* TRY IT
Please restate each line of the data below exactly. Omit all images.

* COLLECTED MATERIAL
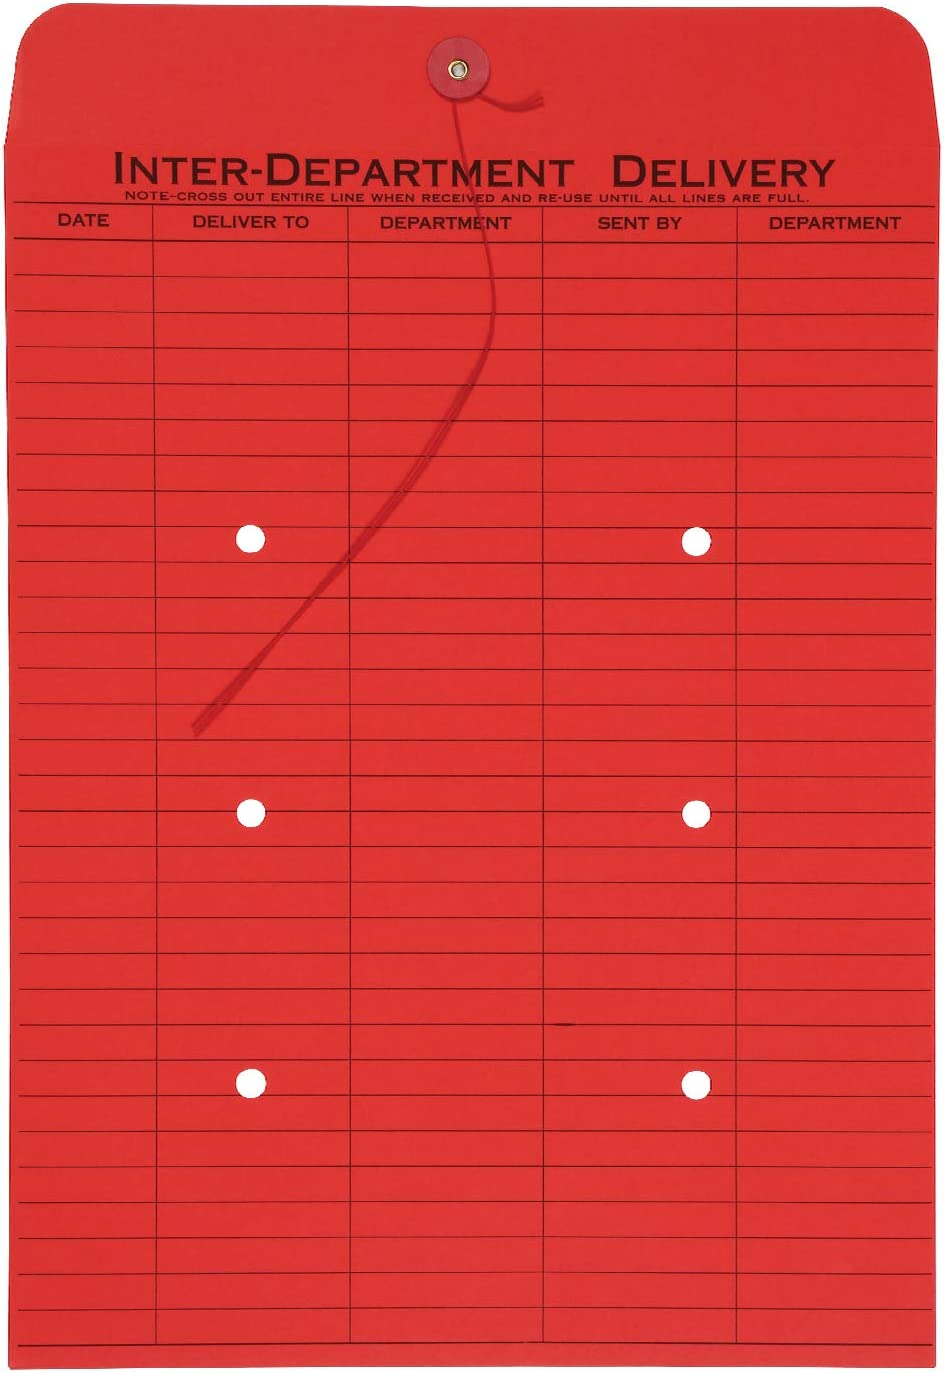 Quality Park 1-Side Print Interoffice Envelopes, String-Tie, Red, 10 x 13, 100 per Carton, (63574)
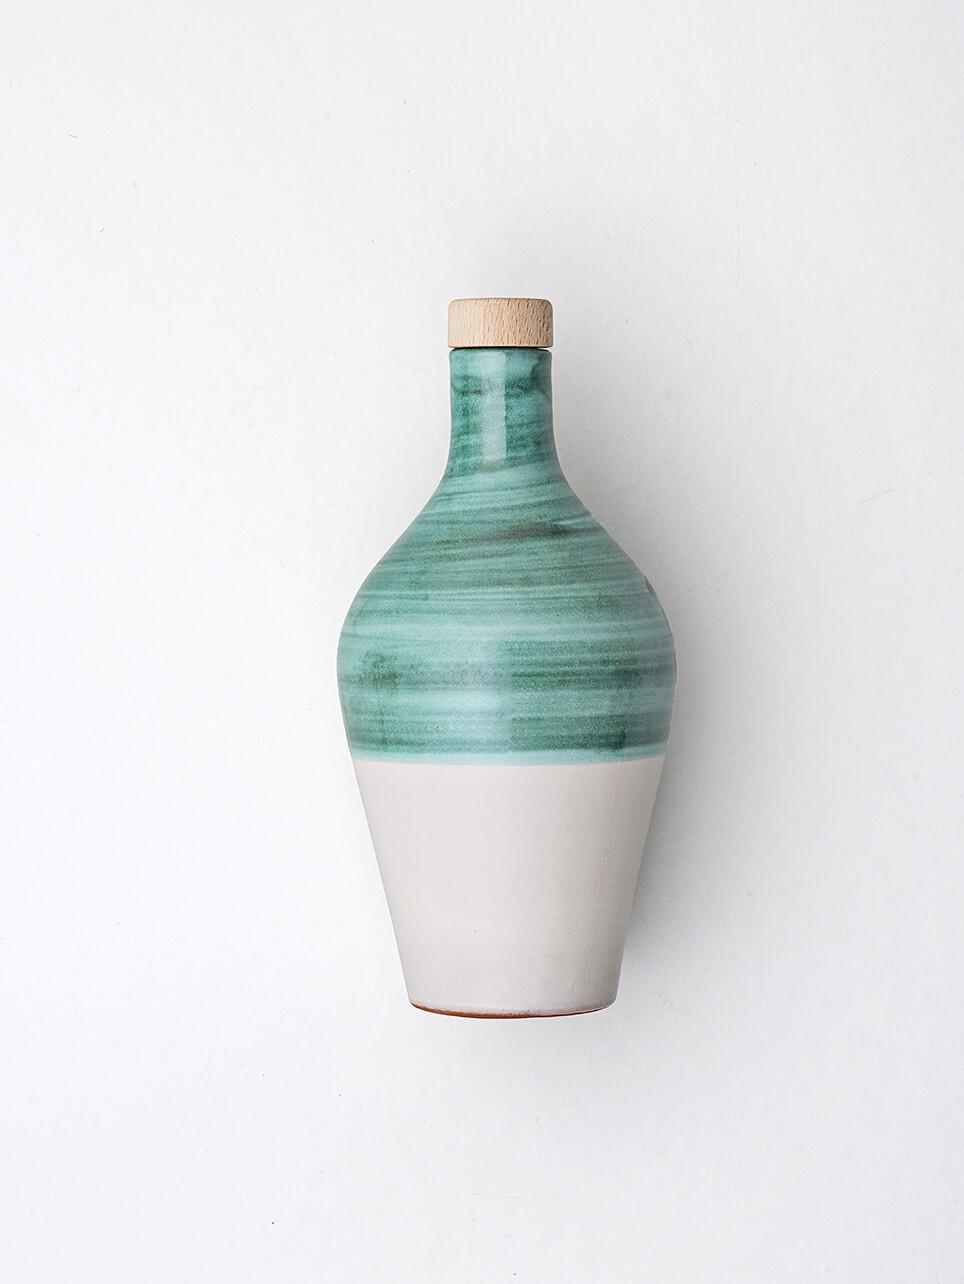 La Fiaschetta Extra Natives Olivenöl,  470ml Keramikkrug in Grün
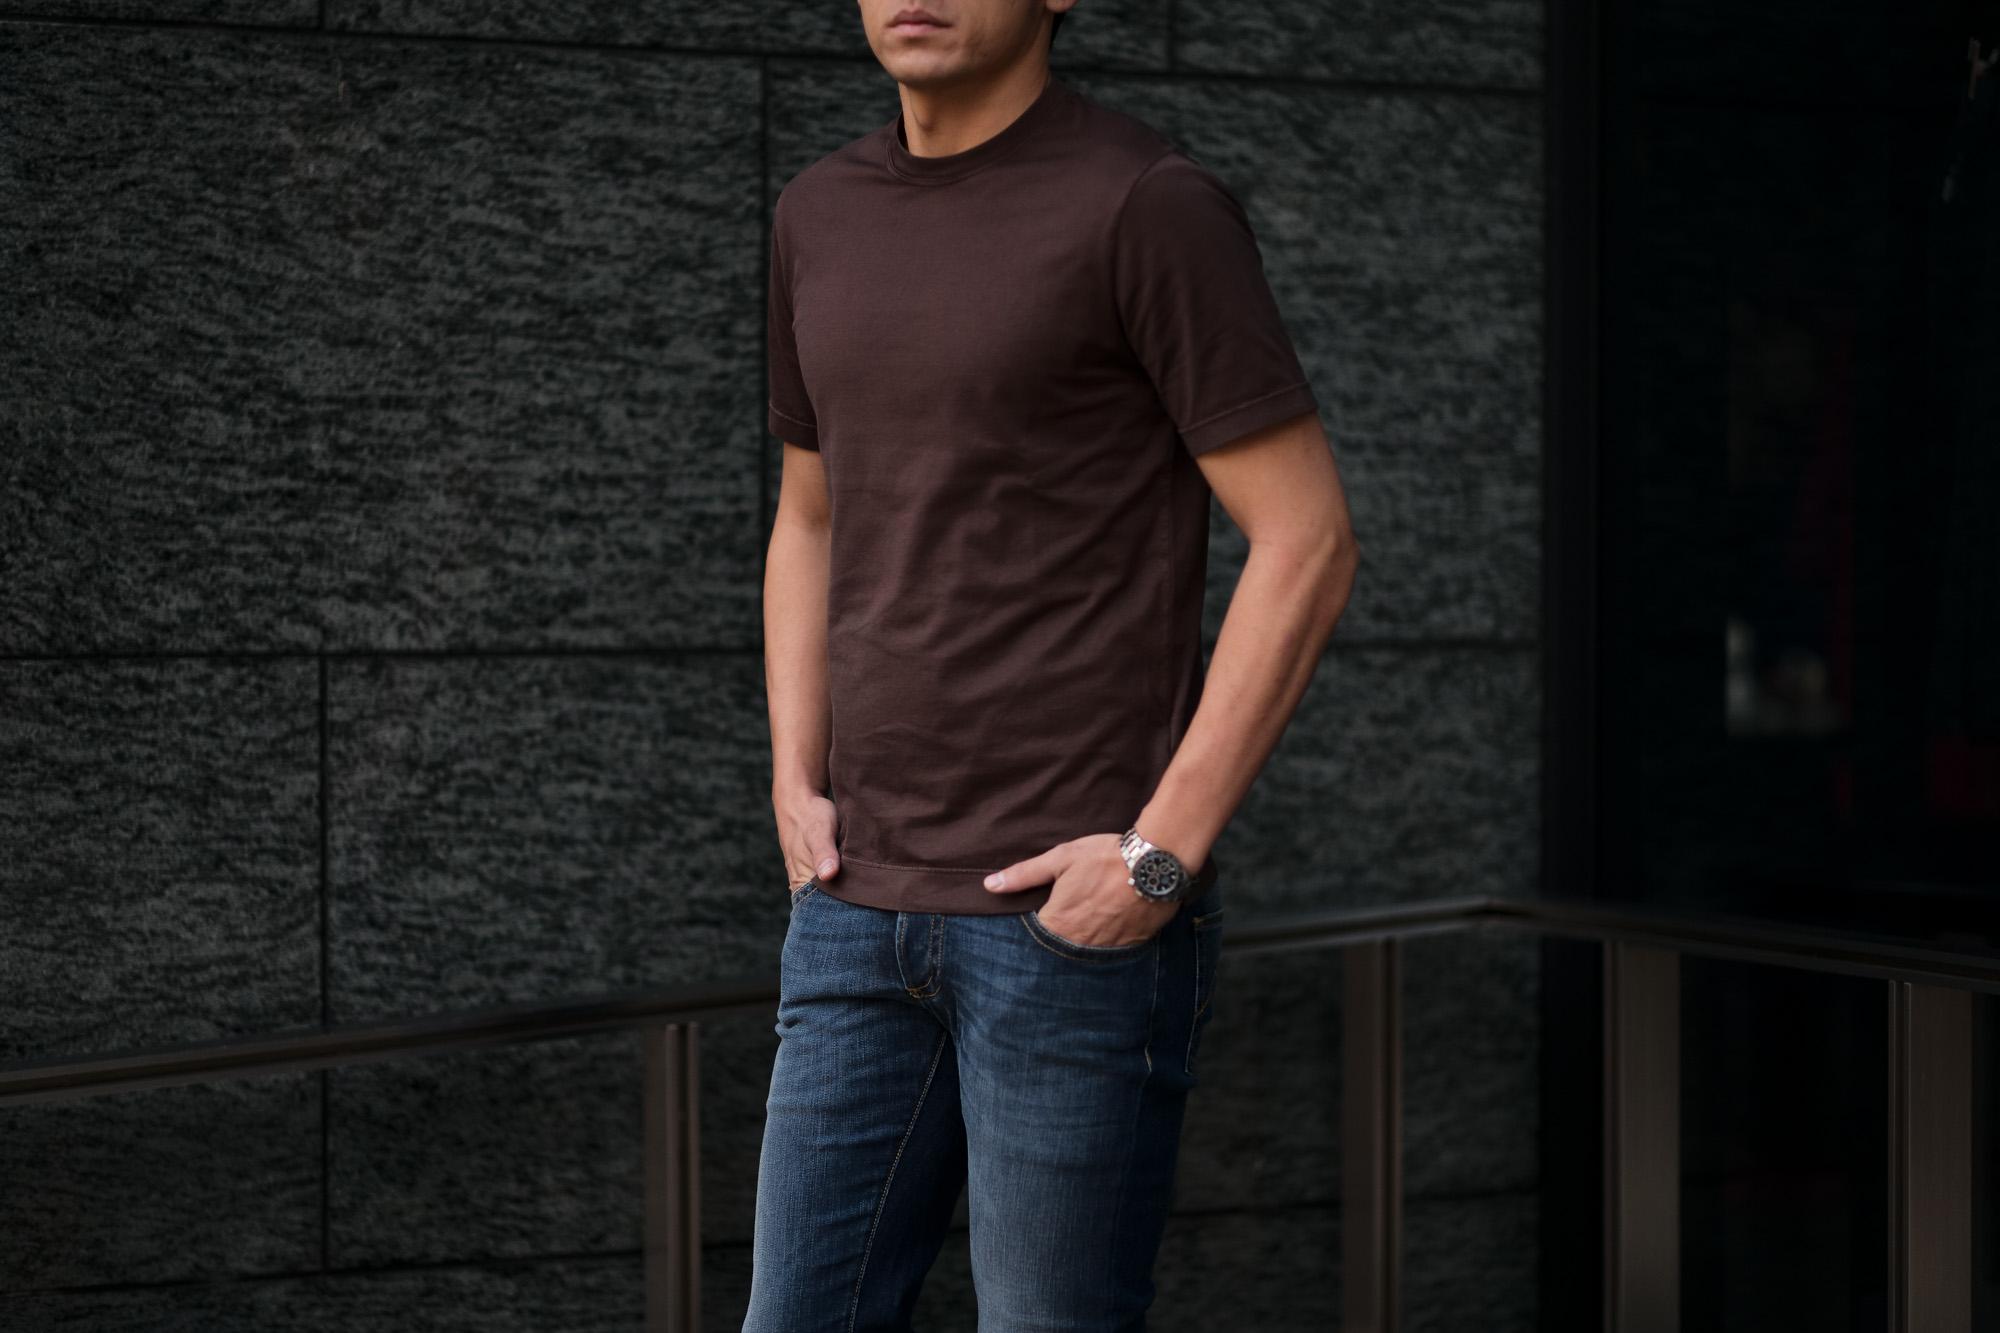 FEDELI(フェデーリ) Crew Neck T-shirt (クルーネック Tシャツ) ギザコットン Tシャツ BROWN (ブラウン・811) made in italy (イタリア製) 2020 春夏 【ご予約受付中】 愛知 名古屋 altoediritto アルトエデリット TEE

* RESPONSE BOX
 Quality Park 1-Side Print Interoffice Envelopes, String-Tie, Red, 10 x 13, 100 per Carton, (63574)
 La Fiaschetta Extra Natives Olivenöl,  470ml Keramikkrug in Grün
 FEDELI(フェデーリ) Crew Neck T-shirt (クルーネック Tシャツ) ギザコットン Tシャツ BROWN (ブラウン・811) made in italy (イタリア製) 2020 春夏 【ご予約受付中】 愛知 名古屋 altoediritto アルトエデリット TEE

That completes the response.